Du changement dans les expertises médicales judiciaires : les PH dénoncent une « arnaque »

- Publié le 06/01/2016
- Mis à jour le 06/01/2016

Crédit photo : PHANIE

La parution d’un décret au « Journal officiel » excluant les médecins experts judiciaires de la liste des collaborateurs occasionnels de service public (COSP) mécontente les cinq intersyndicales* de praticiens hospitaliers, qui dénoncent ce mercredi une « arnaque » dans un communiqué commun.

Jusque-là, les PH pratiquant des expertises étaient salariés de la justice et donc rattachés au régime général. Le décret supprimant ce rattachement, les PH se retrouvent inscrits mécaniquement au régime des indépendants, et doivent assumer une partie des charges (URSSAF, retraite).

« Cette disposition ne s’accompagnant d’aucune mesure de revalorisation du tarif des expertises judiciaires, déjà fixé à un niveau ridiculement bas en ce qui concerne le pénal, équivaut à une diminution drastique de leurs revenus », déplorent les cinq centrales syndicales. « On estime que 40 % de la valeur de l’expertise sera perdue par ce changement de régime », précise au « Quotidien » Jacques Trévidic, président de la CPH.

Psychiatres, médecins légistes et autres spécialistes concernés

Selon les PH, le ministère de la Justice a décidé d’exclure les médecins experts judiciaires de la liste des collaborateurs occasionnels de service public pour des raisons purement financières, et non pour les raisons morales invoquées. « Les arguments juridiques avancés sur l’incompatibilité entre la nécessaire indépendance de l’expert vis-à-vis du magistrat et un statut de salarié reposent sur une interprétation erronée ne tenant pas compte des critères sociaux et fiscaux de détermination du lien de subordination, écrivent les syndicats. En réalité, ces mesures ont été prises dans le seul but d’éviter à la justice le paiement des charges sociales dues aux experts judiciaires collaborateurs occasionnels qu’elle emploie, ce qu’elle s’est toujours refusé à faire depuis 15 ans. »

Les centrales appellent donc les praticiens hospitaliers à boycotter « dès à présent » les expertises que leur réclament les magistrats. Elles annoncent qu’elles engagent des recours en condamnation de l’État pour les charges sociales impayées.
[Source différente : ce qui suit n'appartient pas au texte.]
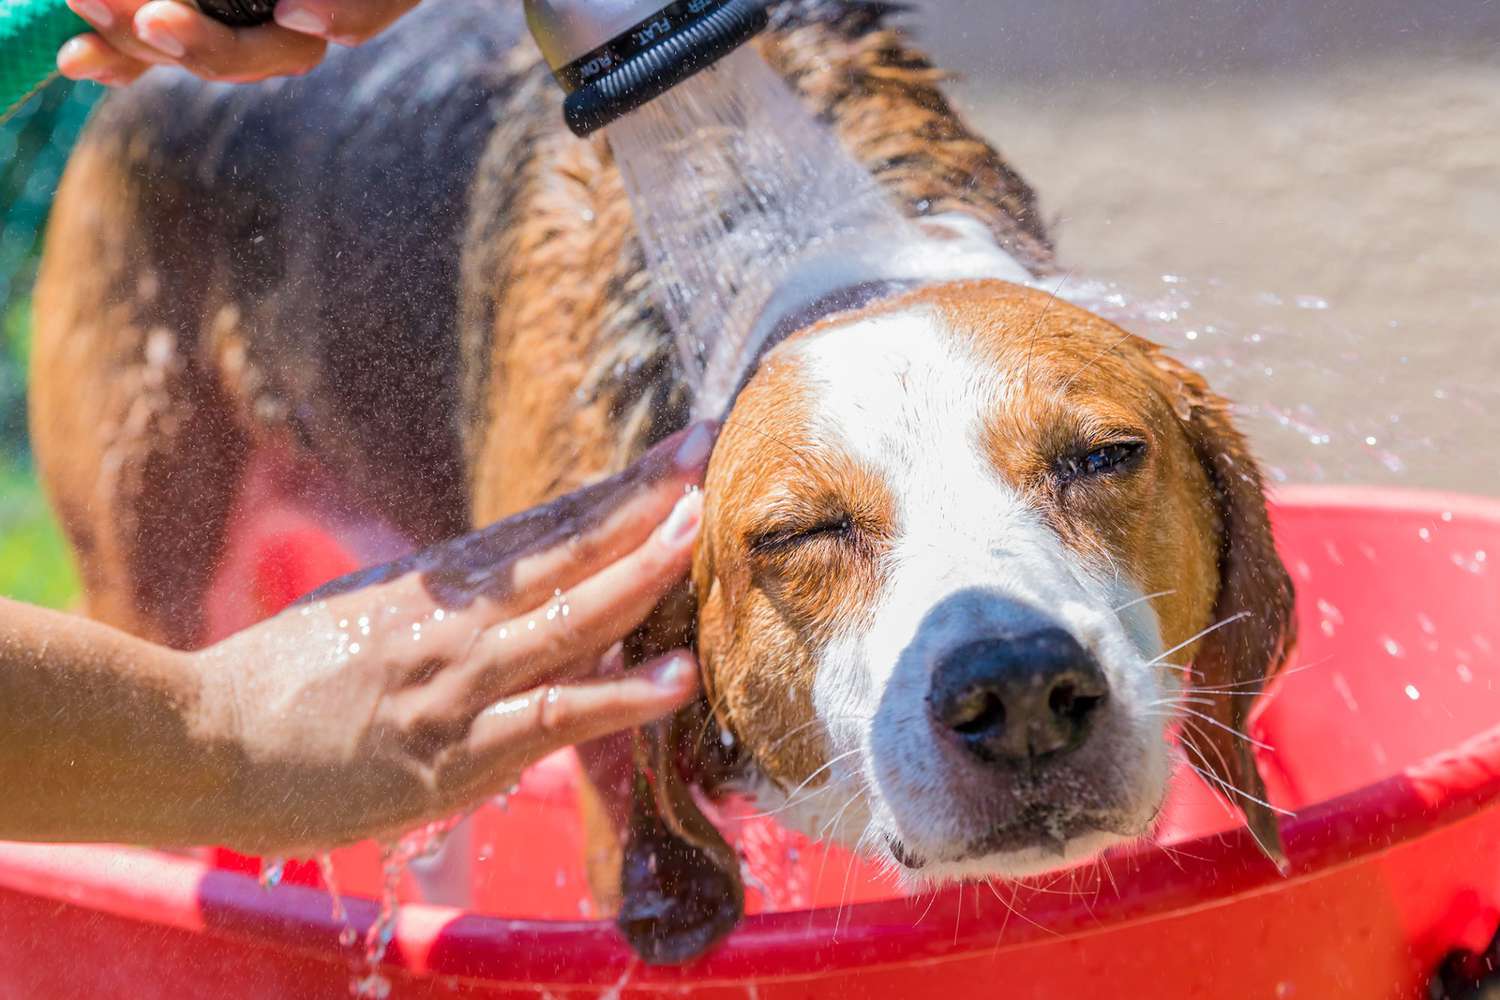 spraying dog with a hose in a kiddie pool; preventing dog heat rash

400 à 500 psychiatres hospitaliers sont actuellement experts judiciaires. On compte aussi des médecins légistes et, selon les affaires, d’autres médecins spécialistes (orthopédistes, cardiologues, etc.).

Au civil, les experts judiciaires sont rémunérés à la vacation et à l’heure. Le tarif peut varier de 120 à 200 euros de l’heure.

Au pénal, les actes sont tarifés selon une nomenclature prédéfinie par le Code de procédure pénale et indexé au coût d’une consultation. Par exemple, une expertise psychiatrique est rémunérée 277,50 euros. Cela peut couvrir le déplacement en prison (hors remboursement des frais kilométriques), une consultation souvent longue et l’écriture du rapport. Une rémunération très insuffisante aux yeux des syndicats.